This week the headlines have been full of claims that fathers have now been given equal rights to see their children, following the launch of a government consultation for proposed laws for parents on separation. However, this is not actually the case, and with lawyers warning of an increase in disputes between parents, and fathers' rights groups claiming they are the "worst Father's day card ever", the proposals have met with a confused and lukewarm reaction. So what has the Government actually proposed?
What the proposals will do:
- Amend the law to place an explicit requirement on courts to consider the benefit of the child having a continuing relationship with both parents, alongside other factors affecting their welfare.
The government has suggested four options as to how this would be achieved, from placing this as the starting point for the courts to consider when asked to make an order for who a child should live with or how often a parent sees their child, to it just being one of the factors they must consider.
- Increase the powers of enforcement available to the courts if one parent ignores an order, including withholding the parent's driving licence or passport, or placing a curfew order on them so that they are required to be at a certain address at a certain time. However, the Government recognises that the more serious powers will only be used in exceptional circumstances, as with those that are currently available (including imprisonment or transfer of residence of the child to the other parent).
- Promote alternatives to going to court, including mediation, counselling or reaching agreements through collaborative law (in which the parents would work with specially trained lawyers to reach an agreement outside of court). They plan to set up an online resource, to be available by the end of 2012, to provide information and support for parents upon separation, as well as giving judges greater powers to order parents to attend mediation or require them to do so before going to court.
What the proposals won't do:
- Give parents a legal or equal right to see their child. Currently, there is no legal right for a parent to see their child, the law currently being focused on the child's welfare, rather than on any rights of the parent.
Where one parent is preventing the other from seeing their child, they can apply to the court for an order that contact. In most cases, unless there are concerns about the child's safety, this will be granted. But that is not an absolute guarantee and the proposals will not change that.
- Ensure that the child will spend an equal or similar amount of time with each of their parents, which is something that fathers' rights groups had been campaigning for. While the Government initially seemed receptive to that idea, they have moved away from this to the concept of "co-operative parenting" and ruled out any legislating for any appropriate division of time.

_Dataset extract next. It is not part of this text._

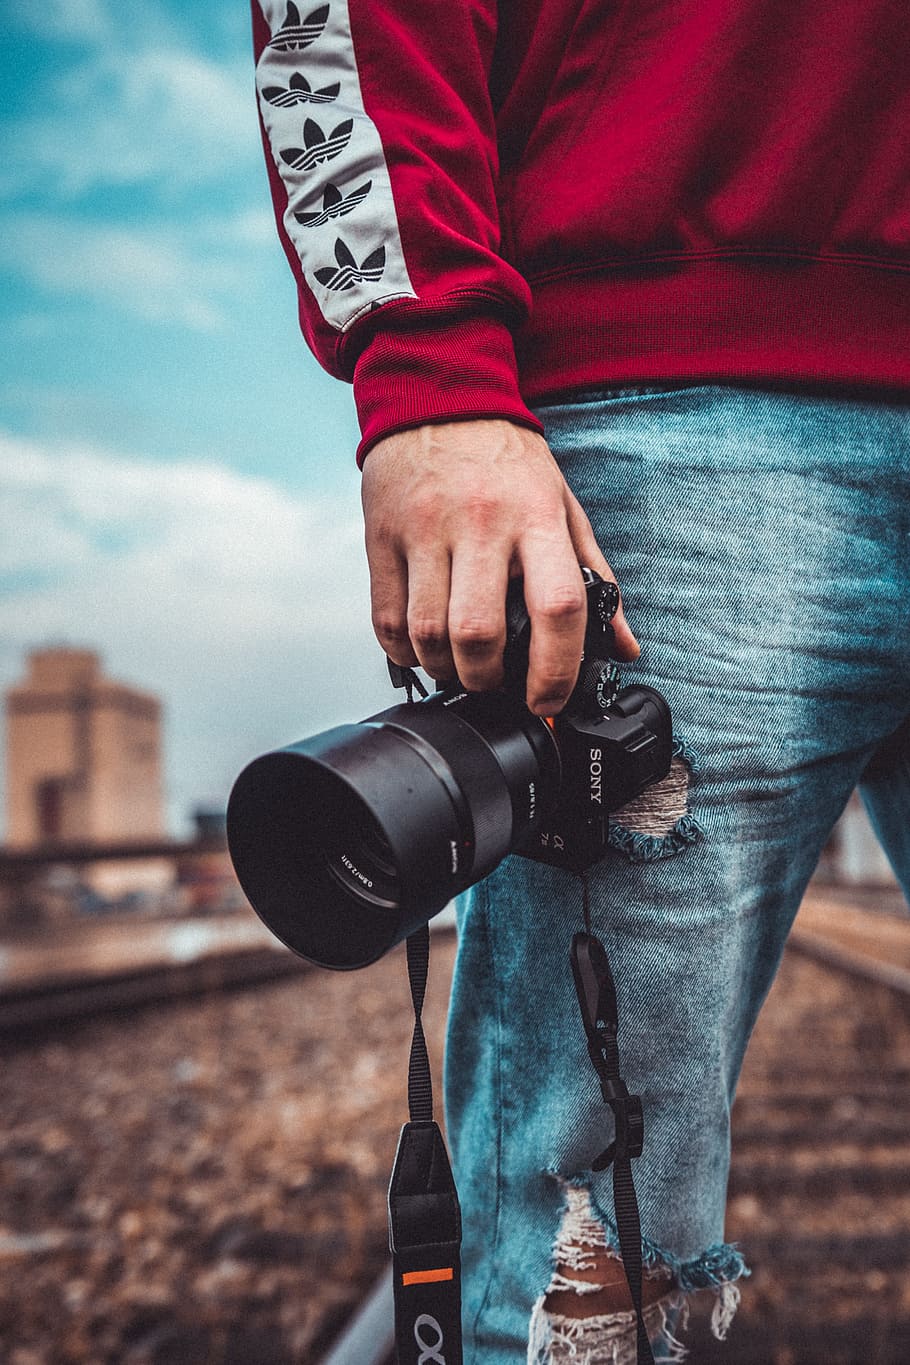 1000 Camera Wallpaper Pictures  Download Free Images on Unsplash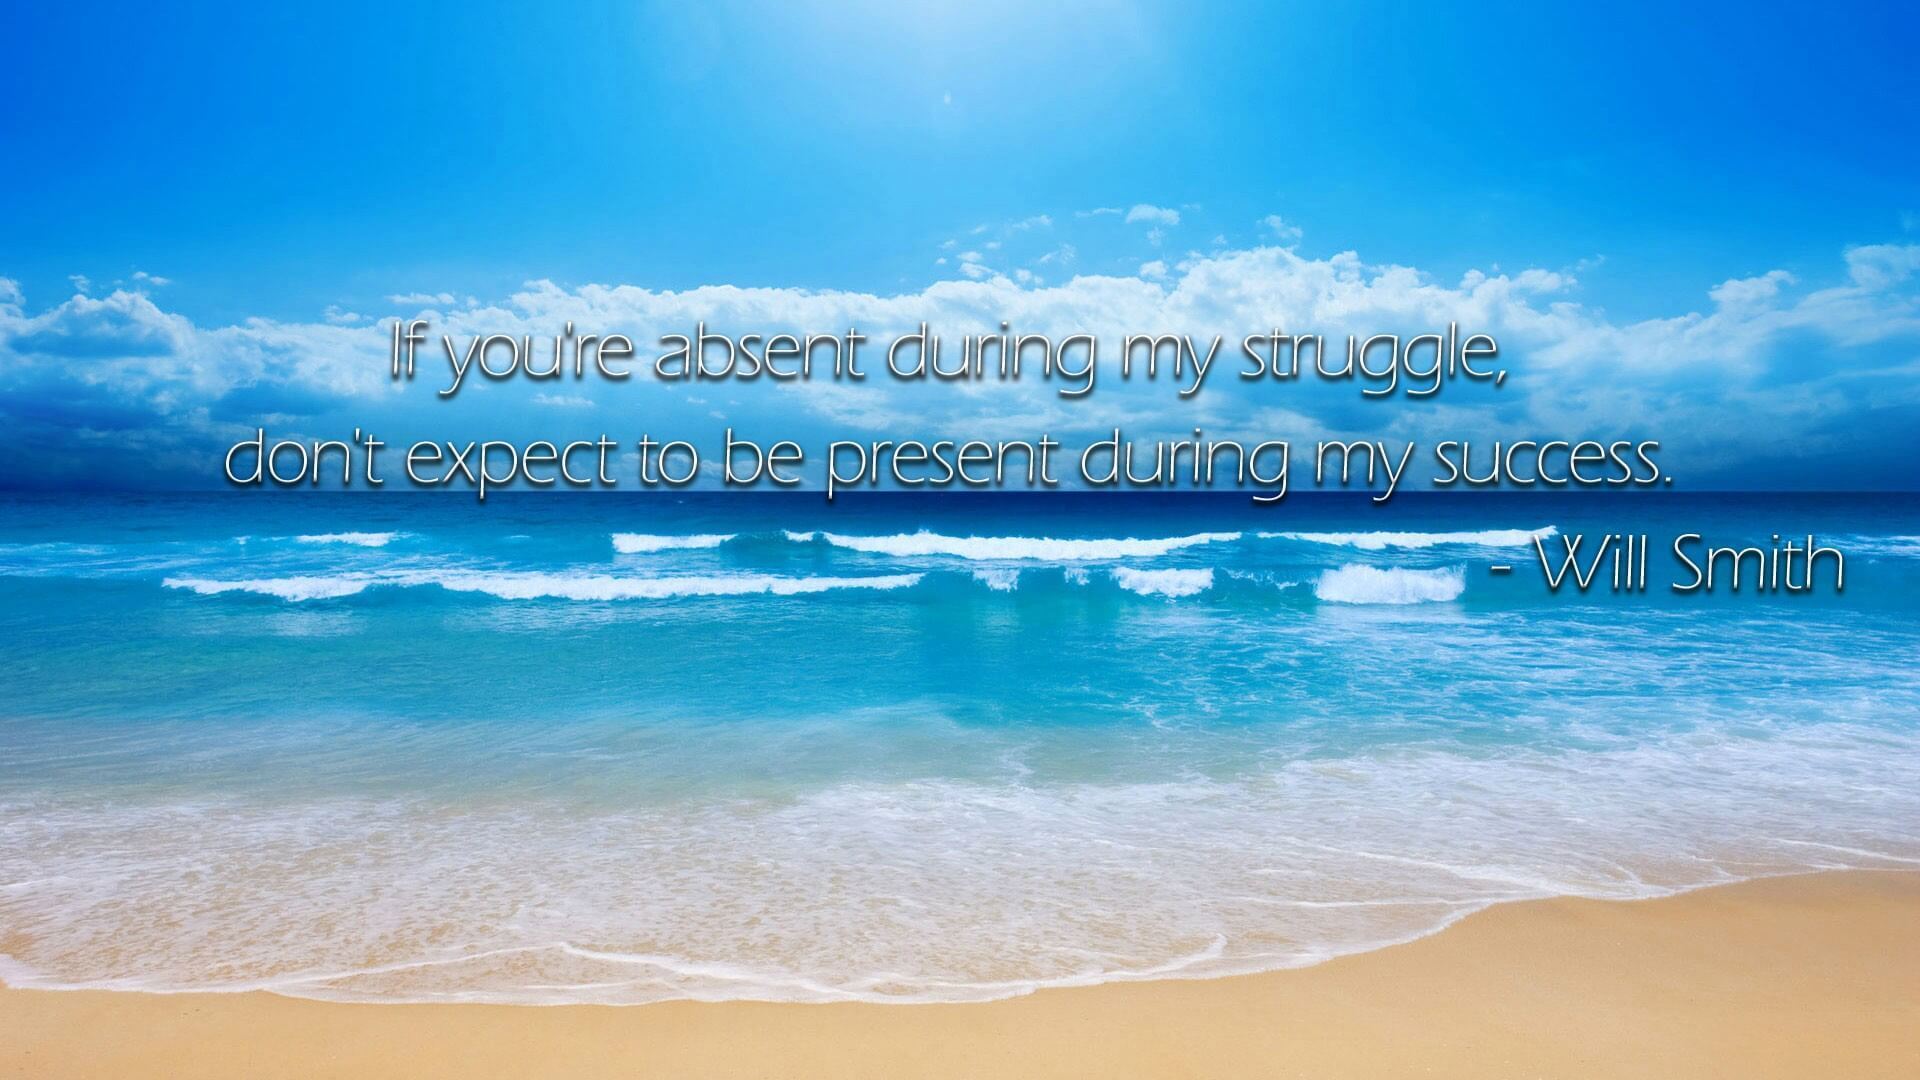 Beach Themed Quotes Wallpapers

Again, this reflects the prevailing view that providing a starting point for how much time a child spends with each parent runs the risk of ignoring what is best for the child, where individual circumstances are not suited for a one size fits all approach.
- Give parents any greater ability to play part in their child's life upon separation. If a parent has Parental Responsibility, then they will have the full rights and responsibilities to make key decisions in their child's life. Mothers automatically have Parental Responsibility, as do fathers who were married to the mother at the child's birth or unmarried fathers who are on the child's birth certificate (after 1st December 2003). The proposals will not increase these responsibilities, and nor will they give them to those fathers who do not have it.
When launching the proposals, the Government said that their aim is to shift the perception that the courts are biased towards on parent and they wish to make clear that both parents should play an important part in their child's life. In practice, however, the courts generally take that approach, and yet the perception of unfairness remains. But are new laws the best way of changing the perception? There is a risk of further confusing parents as to what their legal position is, as has been seen in the reporting of the proposals.
It is undoubtedly better for children that both of their parents play a proper role in their upbringing if they are able, and any steps that can help parents resolve their difficulties outside of the court, whether directly or through alternative services such as mediation, should be encouraged. But surely the best way to ensure that both parents can and do play an active role in their child's life is to highlight the benefits of an active involvement and to place an equal role of the value of both parents, not just on separation, but at all stages of a child's life and at all levels of society.